To my friends in such rarefied locales as New York, Los Angeles, and Chicago, I would like to offer a humble entreaty. Don’t presume that folks are dumber than are you simply because they didn’t grow up in some big ghastly city.

My alma mater of Ole Miss has produced 32 Rhodes Scholars. By comparison, Cornell has had 31, Georgetown 25, Johns Hopkins 21, and Rice 12. Georgia Tech and NYU made six apiece. Get over yourselves. Now, back to the space shuttle.

You Can Take the Boys Out of Second
Grade, But You’ll Never Take the Second
Grade Out of the Boys…

One fine day Bob and two compatriots were called upon to troubleshoot something onboard the space shuttle Atlantis. I have myself never darkened the door of a space shuttle. However, I’m told there are crawlspaces aplenty. Bob was in the lead traversing some tight space with his buddies close behind when disaster struck. With little preamble he proceeded to pass gas with exceptional vigor.

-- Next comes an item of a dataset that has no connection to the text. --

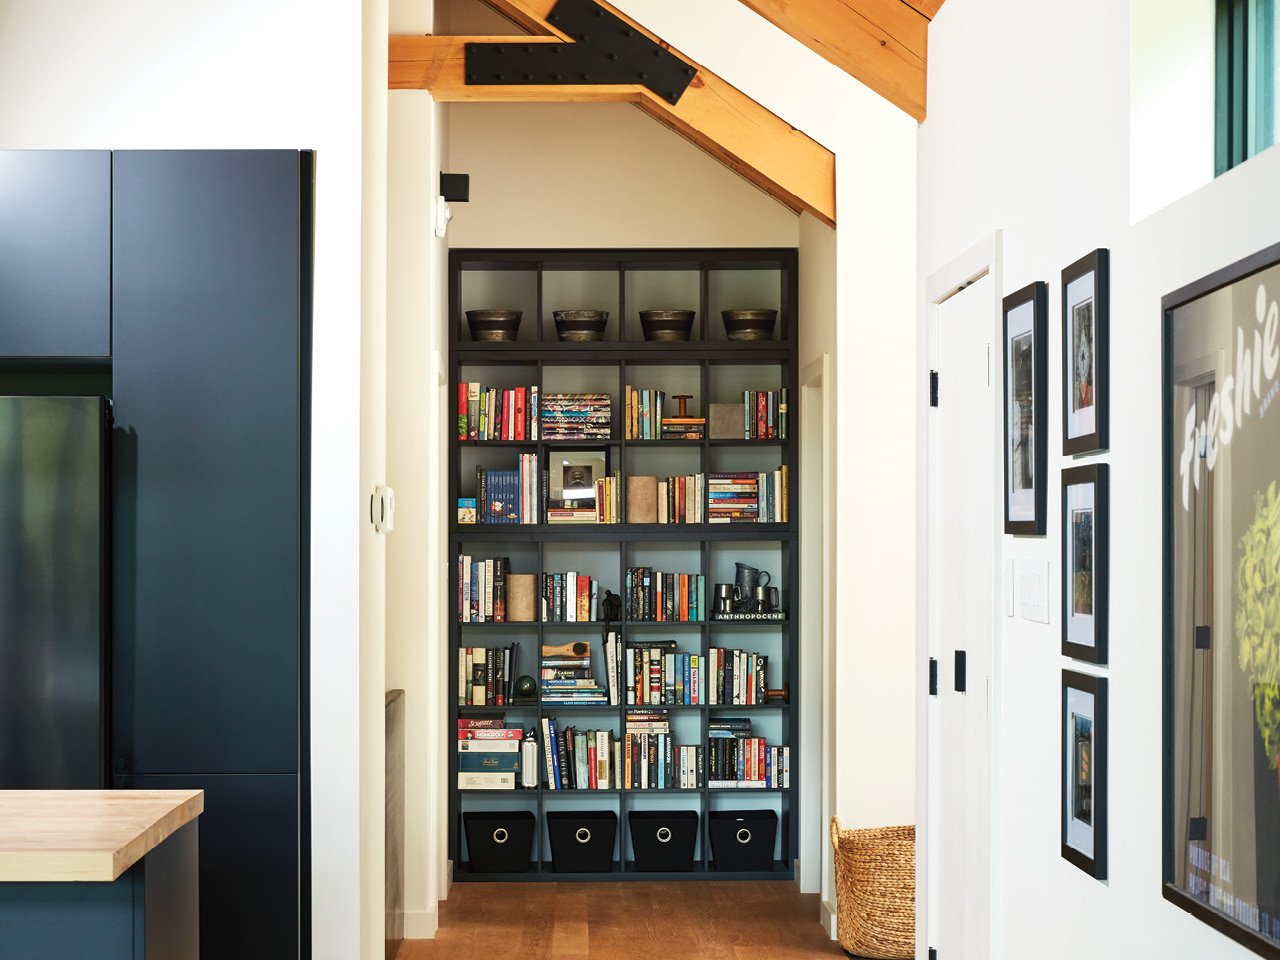 A black Ikea bookshelf tucked into the end of a hallway so that it looks custom-made for the nook.

We act like farting is this horrible unforgivable thing. Everybody farts, even cheerleaders, movie stars, pastors, politicians, and supermodels. Trust me, I’m a doctor. We’re all honestly pretty nasty on the inside.

The other two engineers responded predictably. Taking a face full of flatulence under any circumstance is decidedly unpleasant. The same exercise while crammed into a tiny crawlspace all the more so. They coughed and moaned in a manner that bordered upon unseemly. They vehemently castigated Bob for his synergistic deficits in couth, self-control, and breeding. For his part, Bob later related that he found the whole sordid affair surprisingly affirming.

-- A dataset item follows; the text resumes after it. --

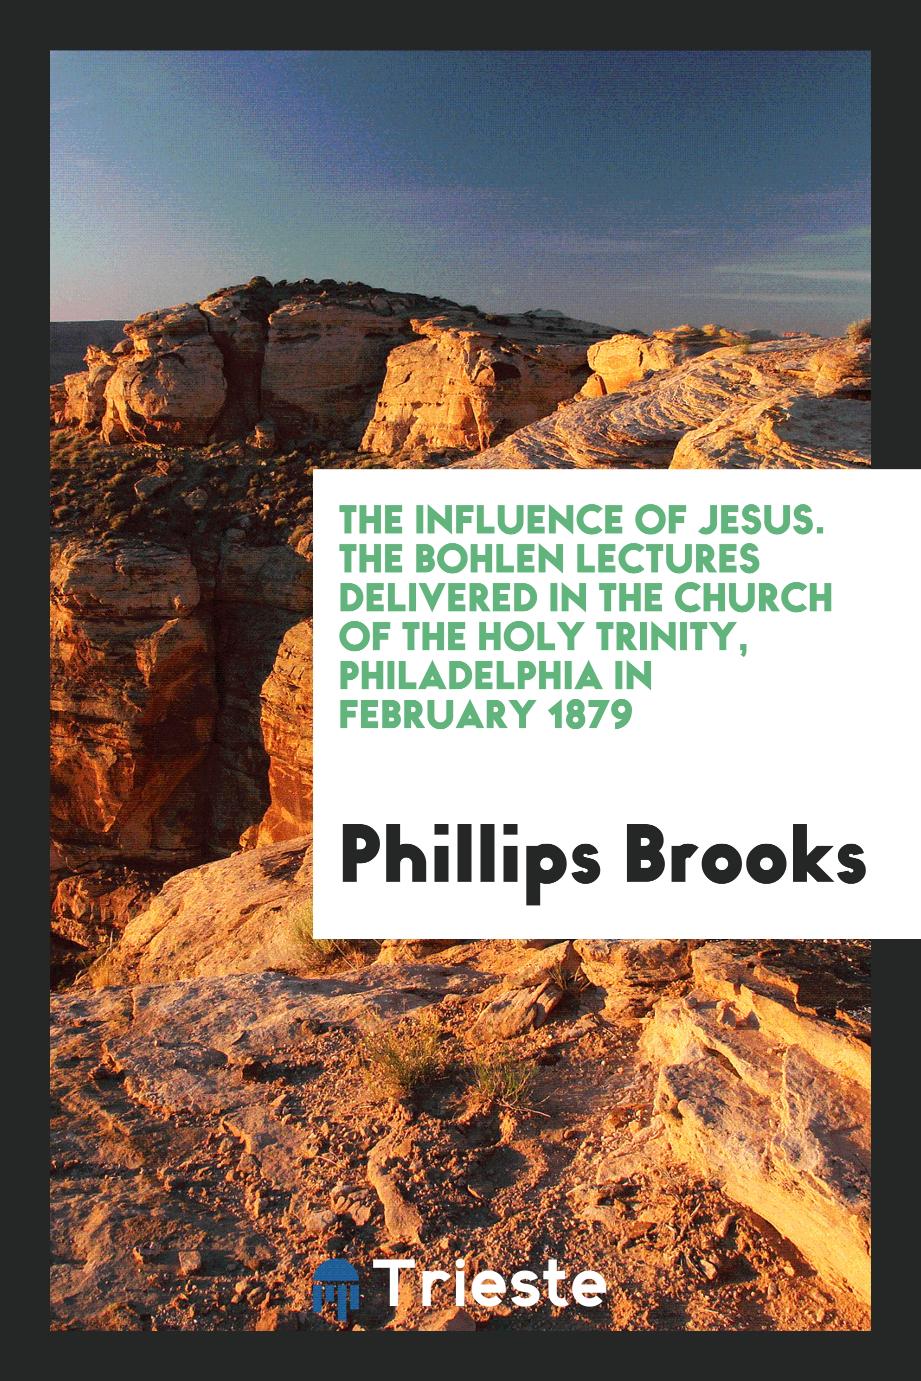 Phillips Brooks - The influence of Jesus. The Bohlen Lectures delivered in the Church of the Holy Trinity, Philadelphia in February 1879

In his own words, “There I was, an unwashed redneck from Mississippi, and I just farted in the space shuttle. I’ve known a lot of smart people, and I’ve yet to meet anybody else who could reliably claim that they had ever farted in the space shuttle.”

Bob’s logic was indeed unassailable. If ever there was need for a metric to determine one’s degree of academic and intellectual success, I should think that designing and servicing spacecraft would be right up there at the top. Stupid people simply need not apply. As an only marginally-reconstructed unwashed redneck myself, I proudly claim kinship with my buddy Bob. The fact that his accomplishment also involved copious intestinal gas just seems to somehow lend an odor of irony to the assessment.